__Task item__
Transcribe every line from the one containing "Titel: Autonomie und neue Kontrolle" to the end of the listing, exactly as written, and leave out the pictures.

__Data__
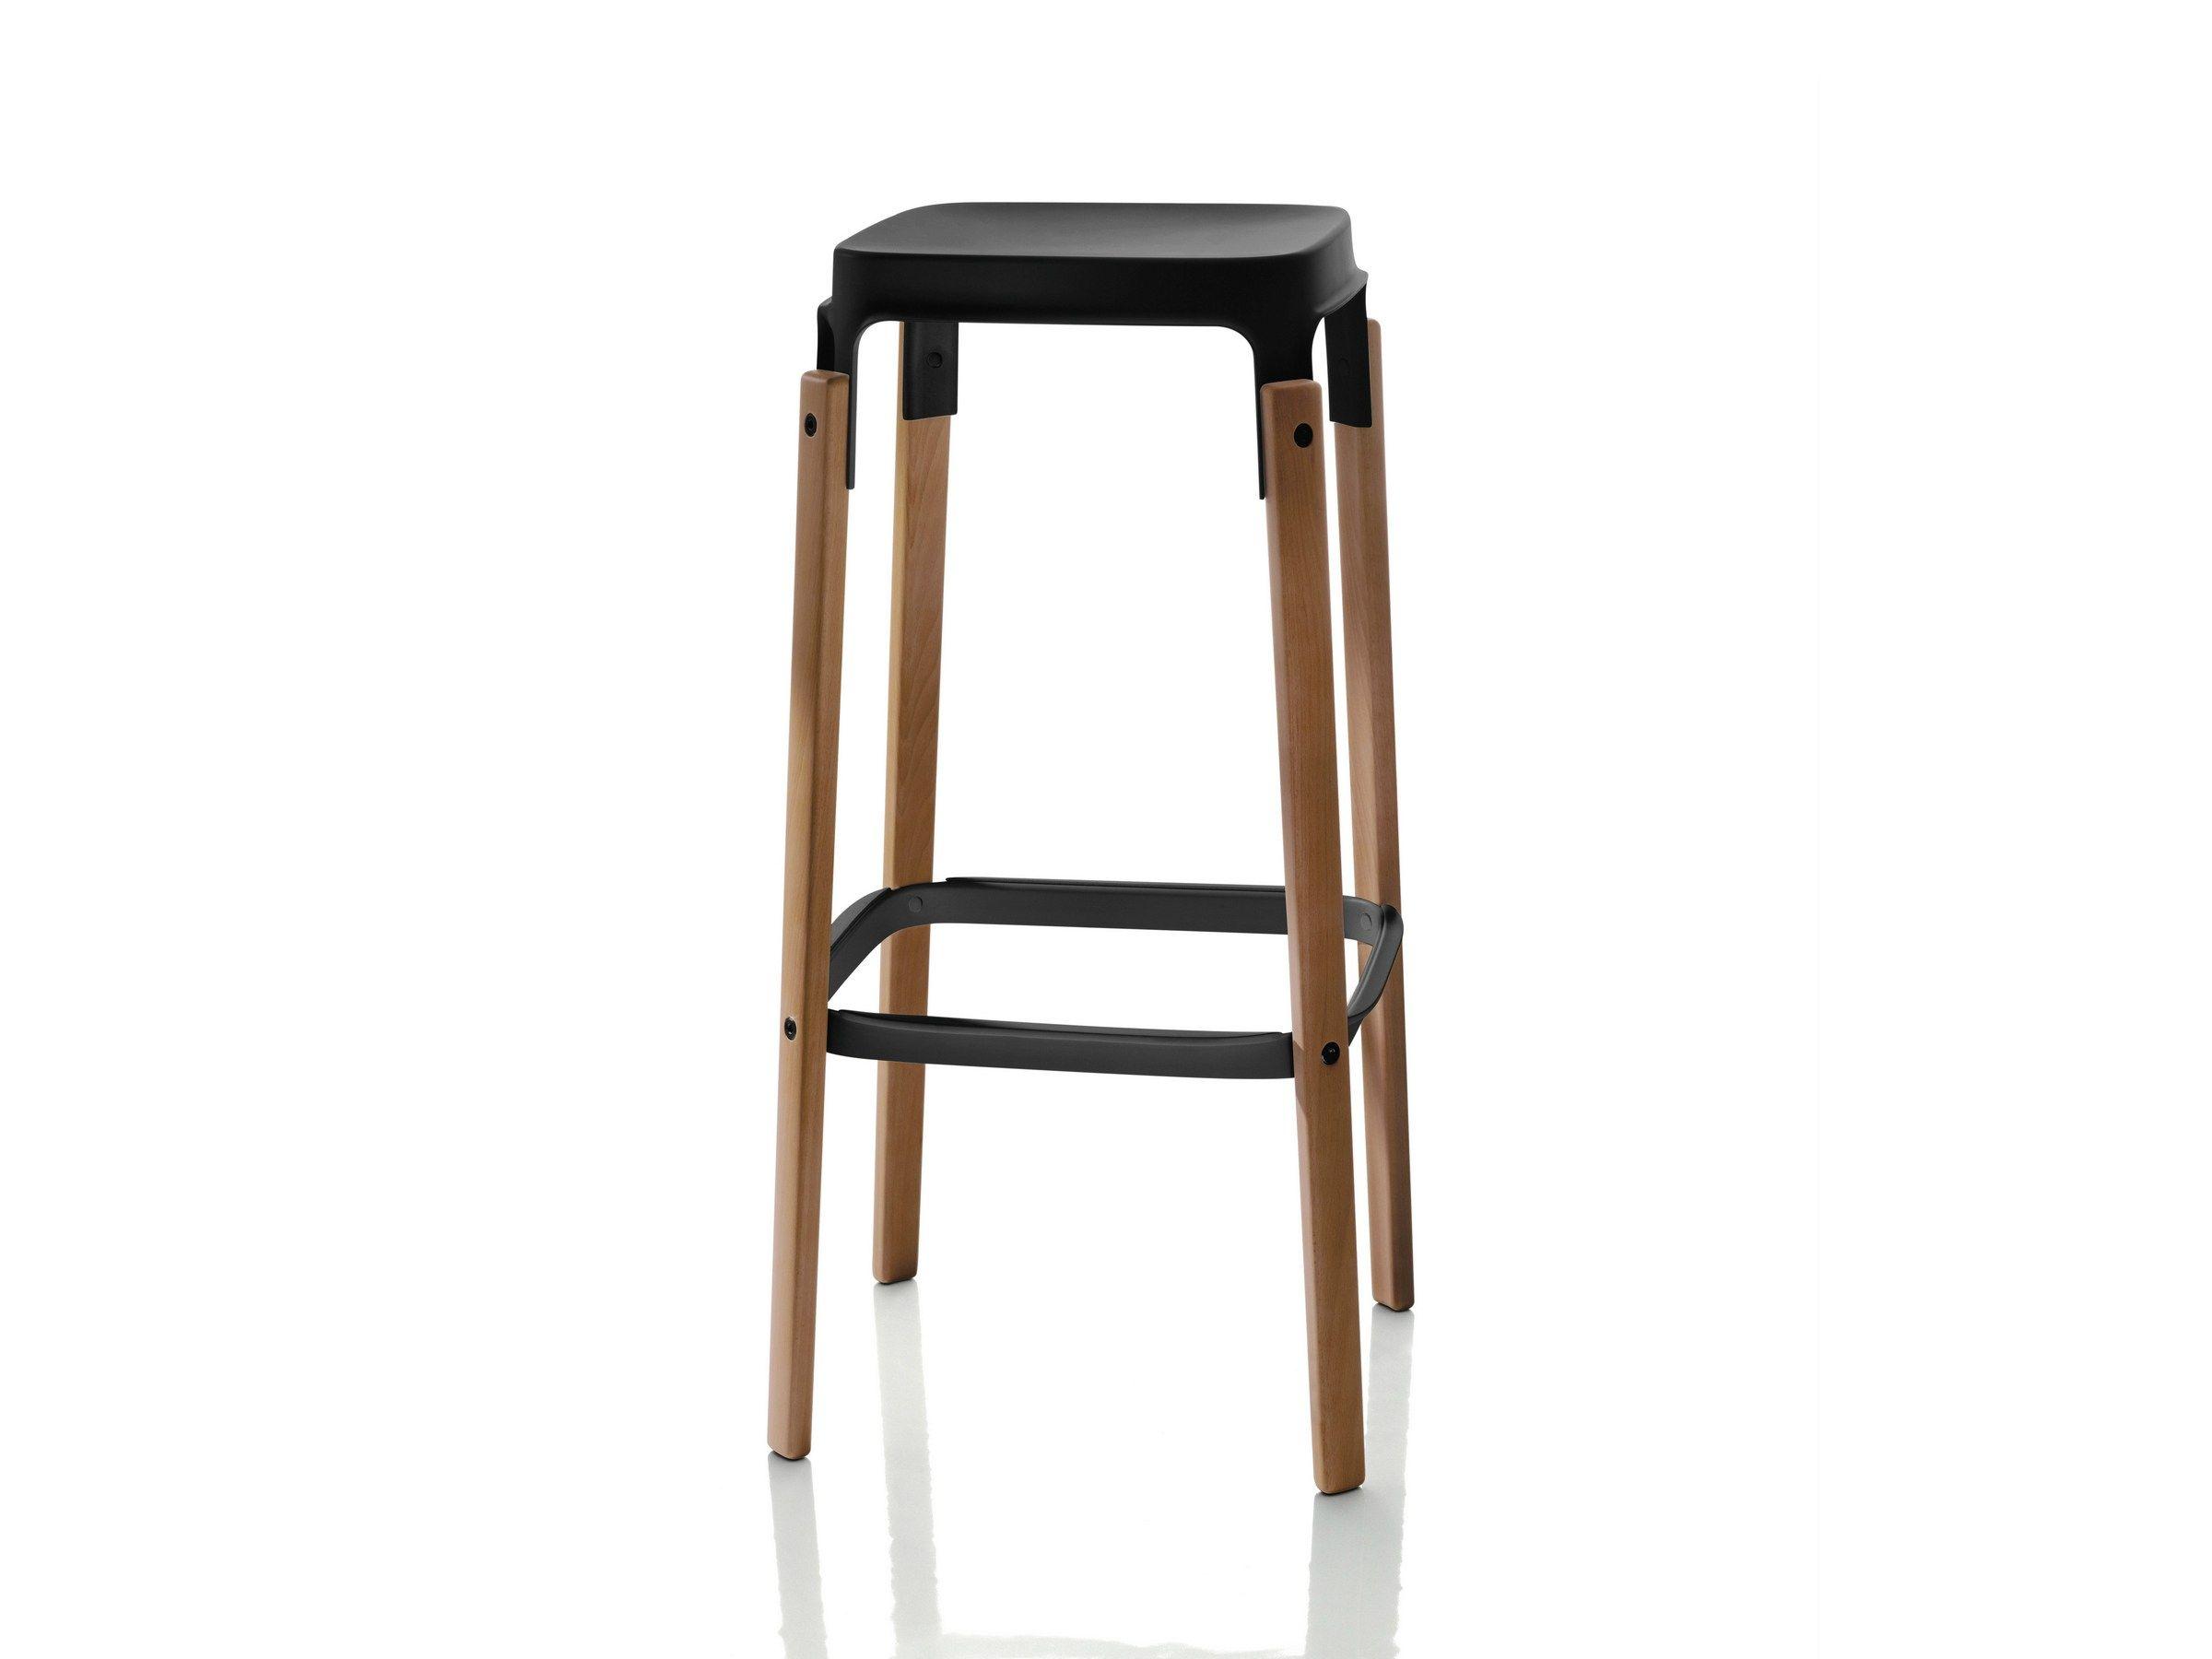 de product grcic one paire chair pour magis konstantin noires chaises
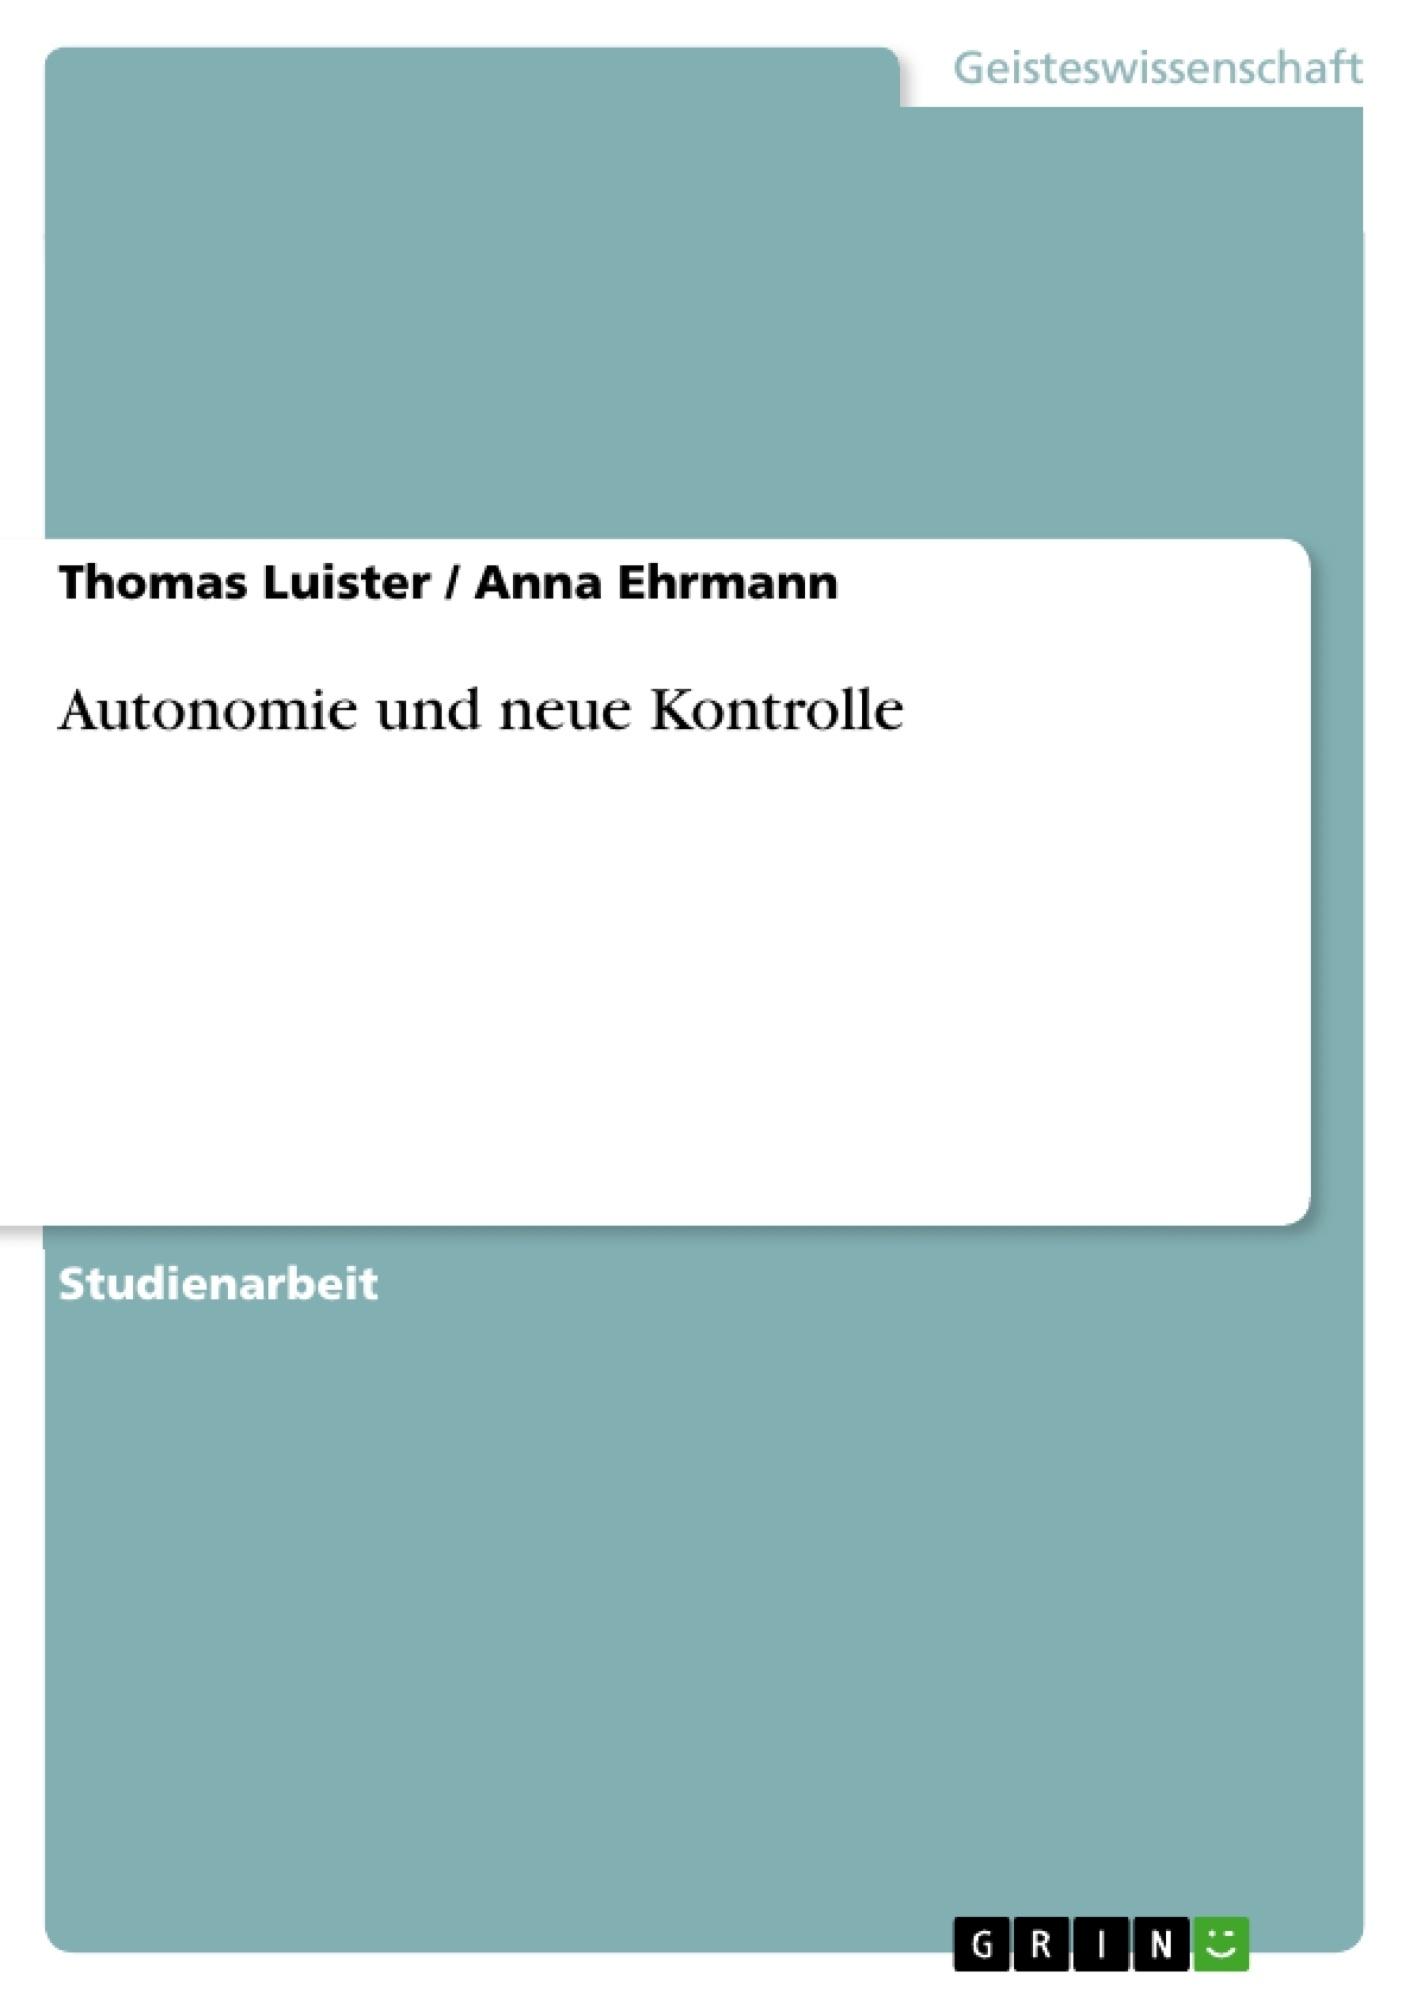 Titel: Autonomie und neue Kontrolle
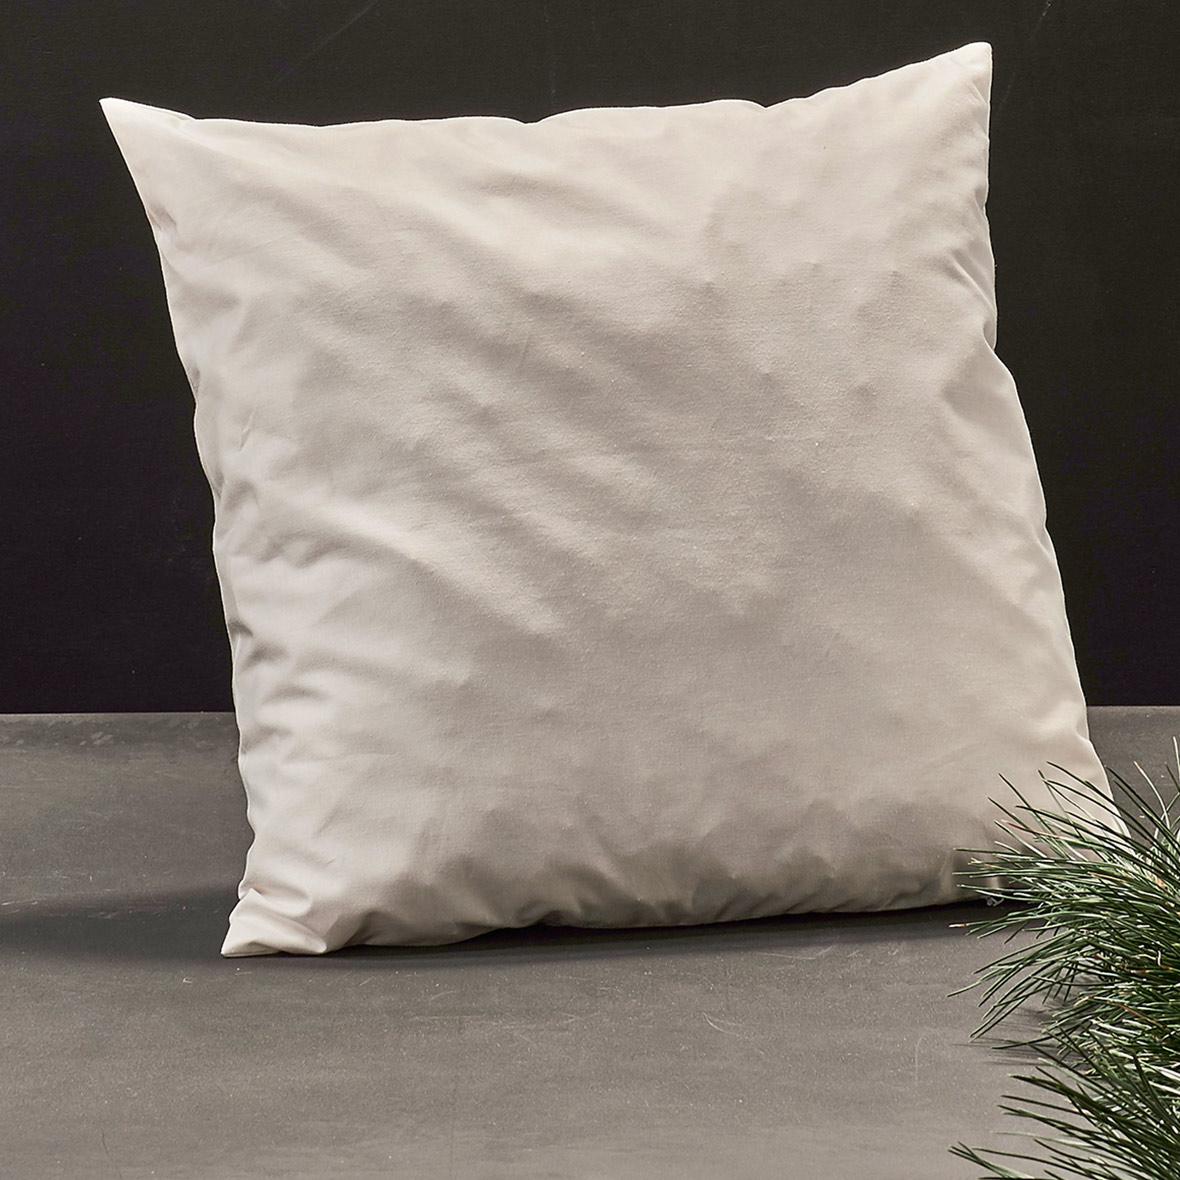 Arven-Hirse-Sofa- und Zierkissen

__Answer for the task__
 Titel: Autonomie und neue Kontrolle
 Arven-Hirse-Sofa- und Zierkissen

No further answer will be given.